What to produce — Taking the line with "Obese young african" as the first and the line with "a plate of egg" as the last, set down exactly every line in that range from the entries below, and no more.
Records shown Block Start
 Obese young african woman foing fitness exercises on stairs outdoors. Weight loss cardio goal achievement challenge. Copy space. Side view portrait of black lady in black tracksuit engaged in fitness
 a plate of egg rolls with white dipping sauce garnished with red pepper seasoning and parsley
Records shown Block End
Records shown Block Start
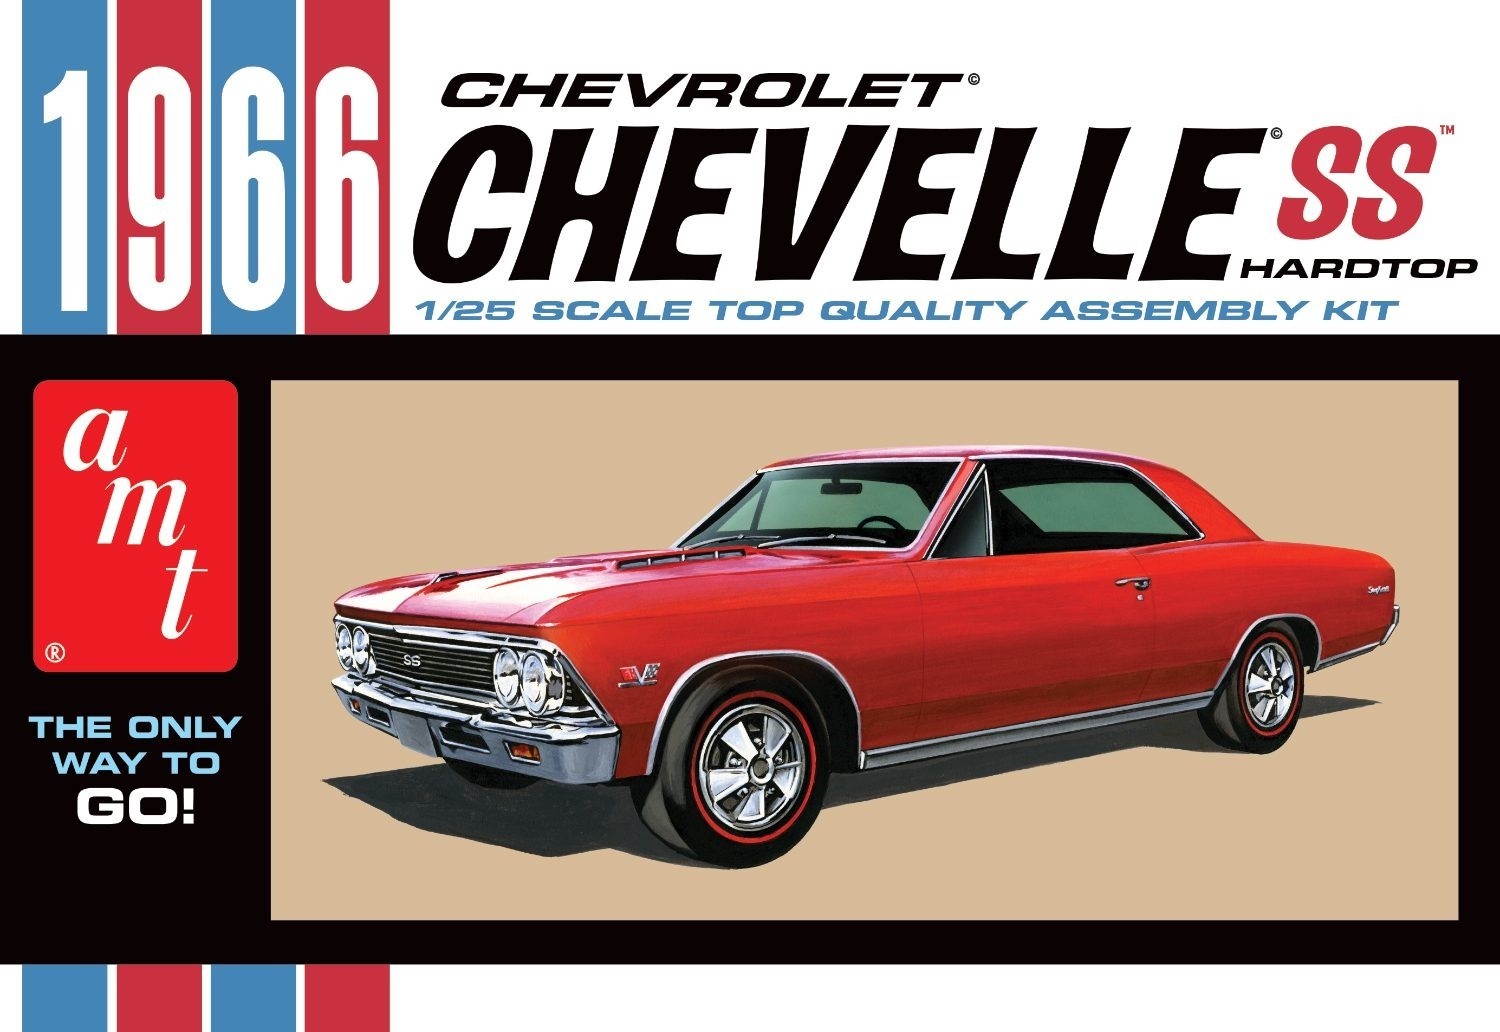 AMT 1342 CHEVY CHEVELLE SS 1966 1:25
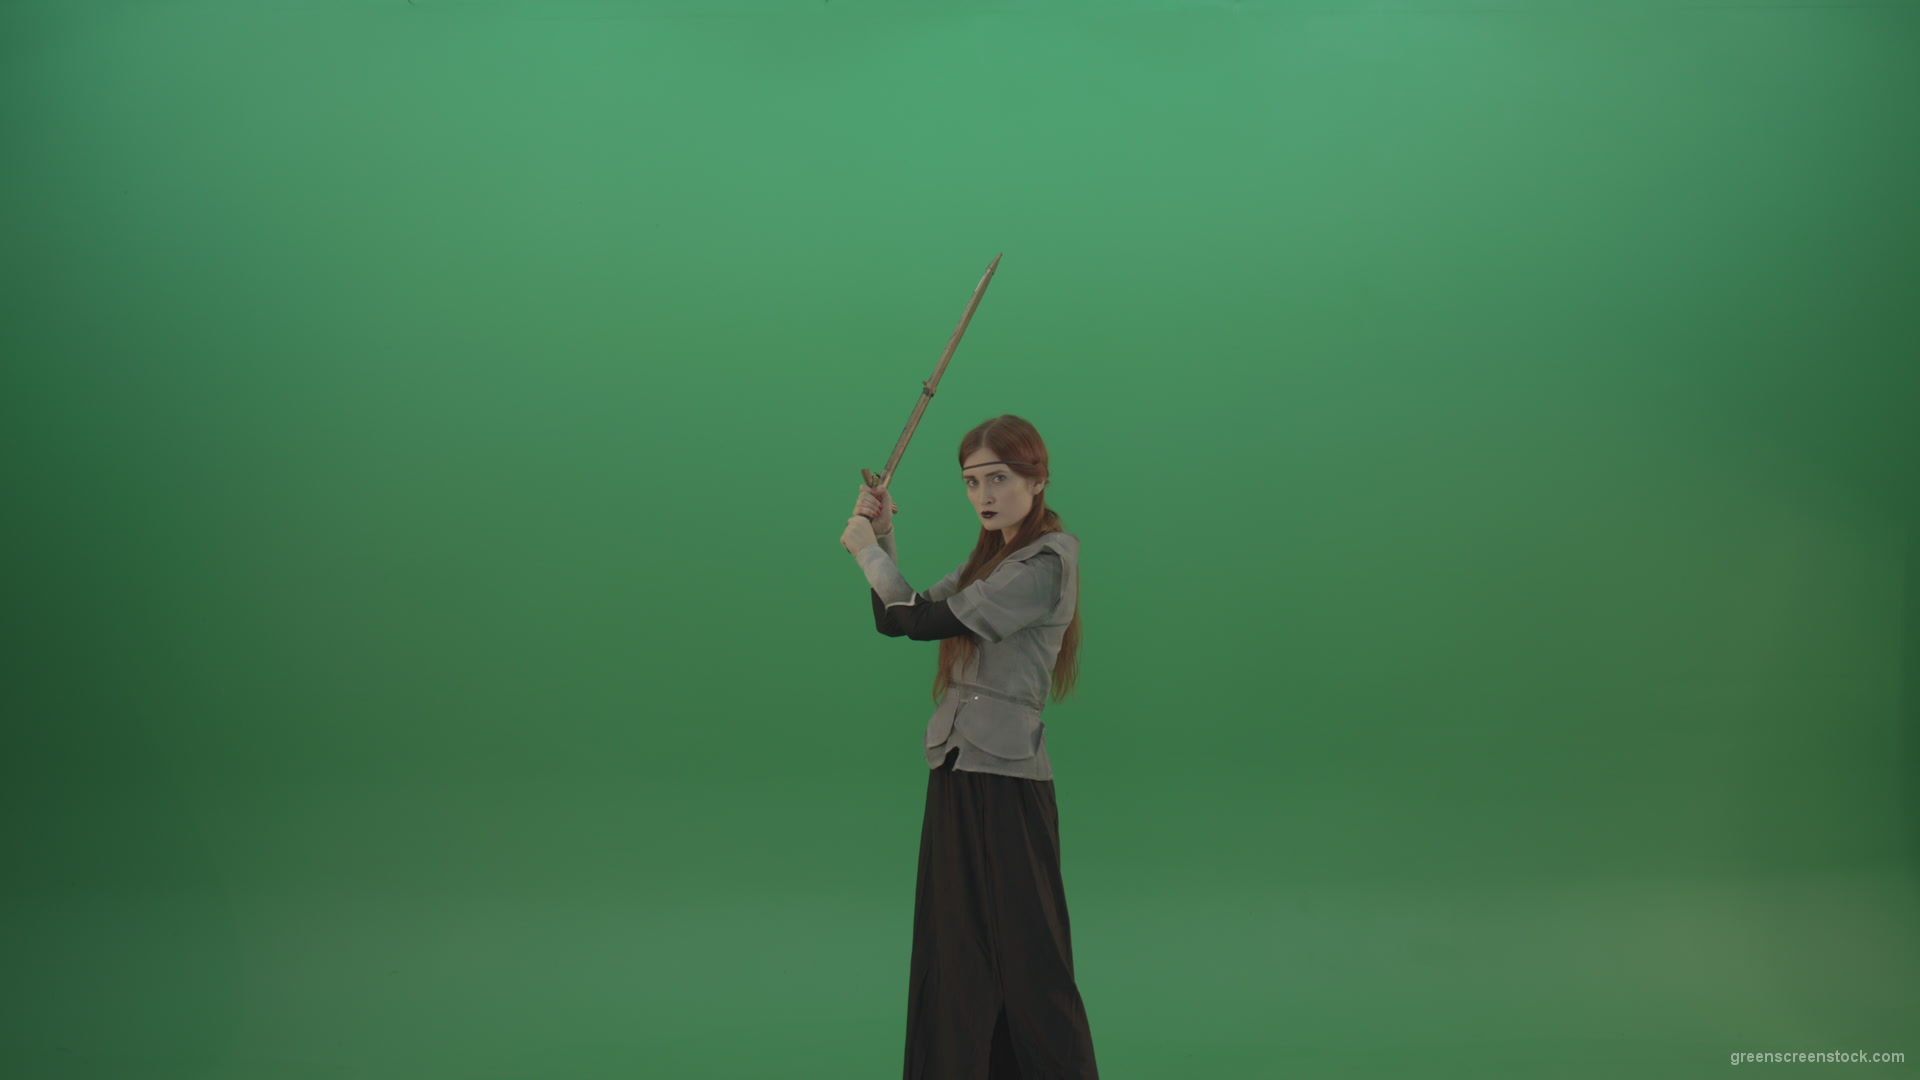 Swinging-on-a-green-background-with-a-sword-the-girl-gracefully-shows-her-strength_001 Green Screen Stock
Records shown Block End
Response below —
 Obese young african woman foing fitness exercises on stairs outdoors. Weight loss cardio goal achievement challenge. Copy space. Side view portrait of black lady in black tracksuit engaged in fitness
 a plate of egg rolls with white dipping sauce garnished with red pepper seasoning and parsley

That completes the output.